Chapter 1 introduces uranium and nuclear waste, and gives an introduction into
uranium(V) chemistry. It further compares the chemistry of uranyl(V) to neptunyl(V),
with a specific focus on solid state interactions. The chemistry of the Pacman
calixpyrroles is briefly introduced. These macrocyclic ligands form the basis for the
synthesis of uranyl Pacman, which represents the major uranyl complex investigated
in this thesis.
Chapter 2 describes the reductive and catalytic uranyl oxo-group metalation using
Group XIII and Group I reagents. It presents the reductive uranyl alumination using
di-(iso-butyl)-aluminium hydride and Tebbe’s reagent to form the first Al(III)-
uranyl(V) oxo complexes (AlIII-O-UV=O). The chapter shows how the transmetalation
of these aluminated uranyl(V) complexes with alkali metal hydrides and alkyls leads
to the formation of mono-metalated alkali metal uranyl(V) complexes (MI-O-UV=O).
The combination of these two reactions is developed into a catalytic synthesis of the
latter. The use of elemental alkali metals is described as another pathway of accessing
alkali metal uranyl(V) complexes, carried out in collaboration with Dr. Rianne
M. Lord.
Chapter 3 describes the synthesis of the first Group IV uranyl(V) complexes, using
low-valent titanium and zirconium starting materials. The chapter includes magnetic
measurements on the first Ti(III)-uranyl(V) complex and a comparison of
computational results regarding a selection of uranyl(V) complexes from this thesis.
The magnetic measurements were carried out by Dr. Alessandro Prescimone,
University of Edinburgh, and analysed by Dr. Nicola Magnani, Institute for
Transuranium Elements, Karlsruhe, Germany. Theoretical calculations were carried
out by Xiaobin Zhang and Prof. Dr. Georg Schreckenbach, University of Manitoba,
Canada. The chapter further describes the reductive metalation of uranyl using
elemental Mg, Ca and Zn and their respective metal halides.
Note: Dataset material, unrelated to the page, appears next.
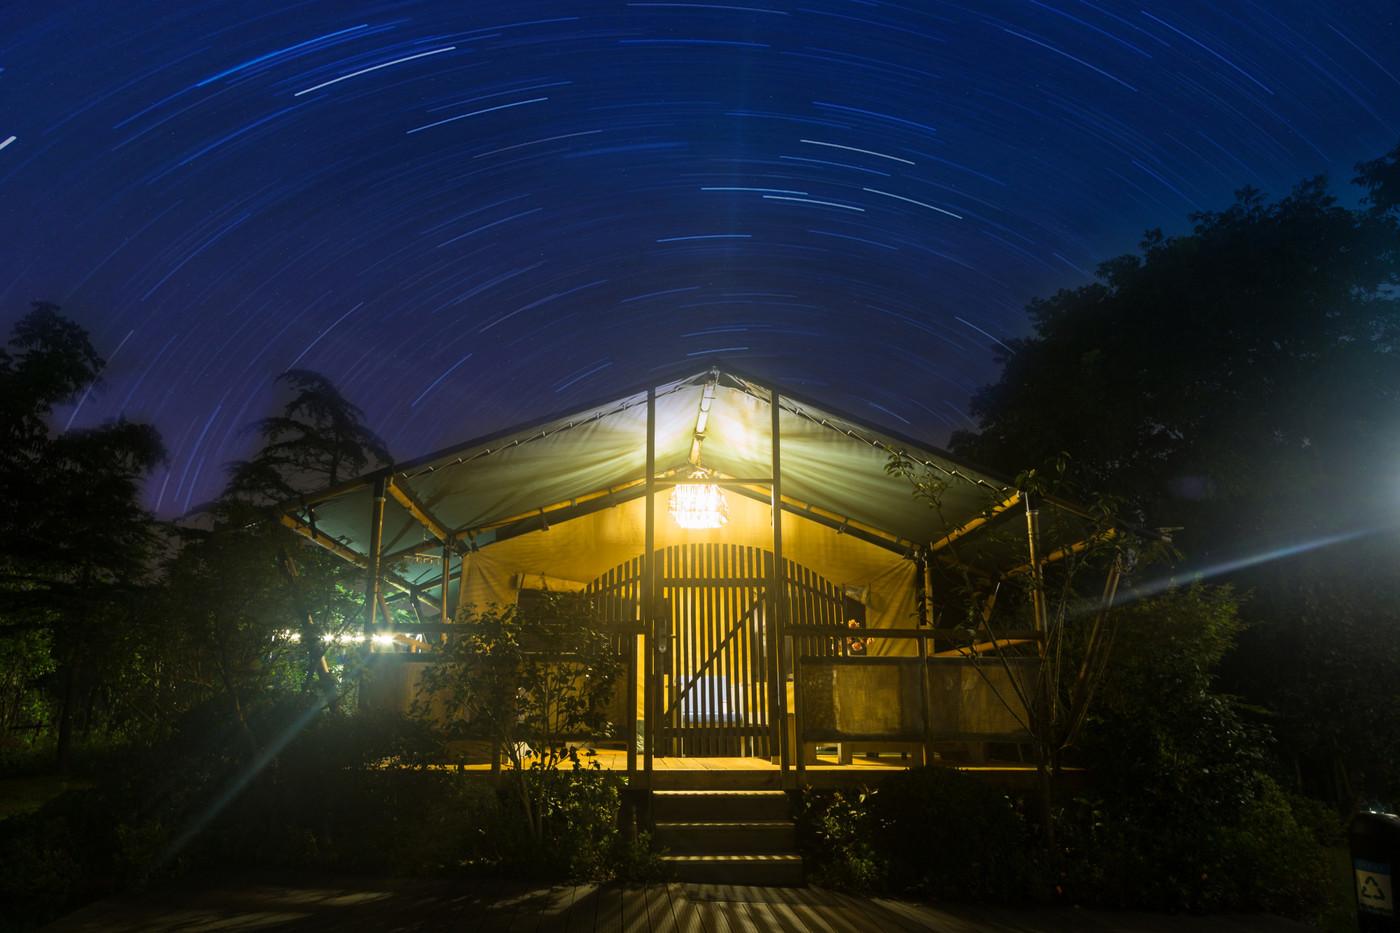 喜马拉雅上海迪士尼邻家营地—家庭房4

Chapter 4 describes the uranyl functionalisation using f-elements and their
complexes. It describes the attempted mono-metalation using lanthanides and the
formation of a Sm(III)-bis(uranyl(V)) complex. It further describes the uranyl
reduction using actinides and the synthesis of the first U(IV)-uranyl(V) complex. The
chapter further describes the first Np(IV)-uranyl(V) complex and the attempted
synthesis of a Pu(IV)-uranyl(V) complex. These syntheses were performed in
collaboration with Michał S. Dutkiewicz at the Institute for Transuranium Elements
(ITU) in Karlsruhe, Germany. This work was carried out with the help of Dr. Christos
Apostolidis and Dr. Olaf Walter and supervised by Prof. Dr Roberto Caciuffo.
Chapter 5 describes the reductive uranyl functionalisation in a redox-active
dipyrromethene ligand, collaboratively carried out with James R. Pankhurst and Lucy
N. Platts. The synthetic work and analyses were performed jointly with Lucy N. Platts
(master student under the supervision of the author); UV-vis spectra and cyclic
voltammograms were recorded by James R. Pankhurst and Lucy N. Platts. The chapter
presents the synthesis of a new uranyl(VI) complex and its two-electron reduction to
uranium(IV) using a titanium(III) reductant. Additionally the chapter describes the
reductive uranyl silylation in a dipyrromethane complex of which the ligand was
designed by Dr. Daniel Betz.
Section 6 describes the synthetic procedures.
Section 7 gives references to the work of others.
Section 8 shows the publication related to this thesis.
Section 9 is a table of the complexes described in this thesis.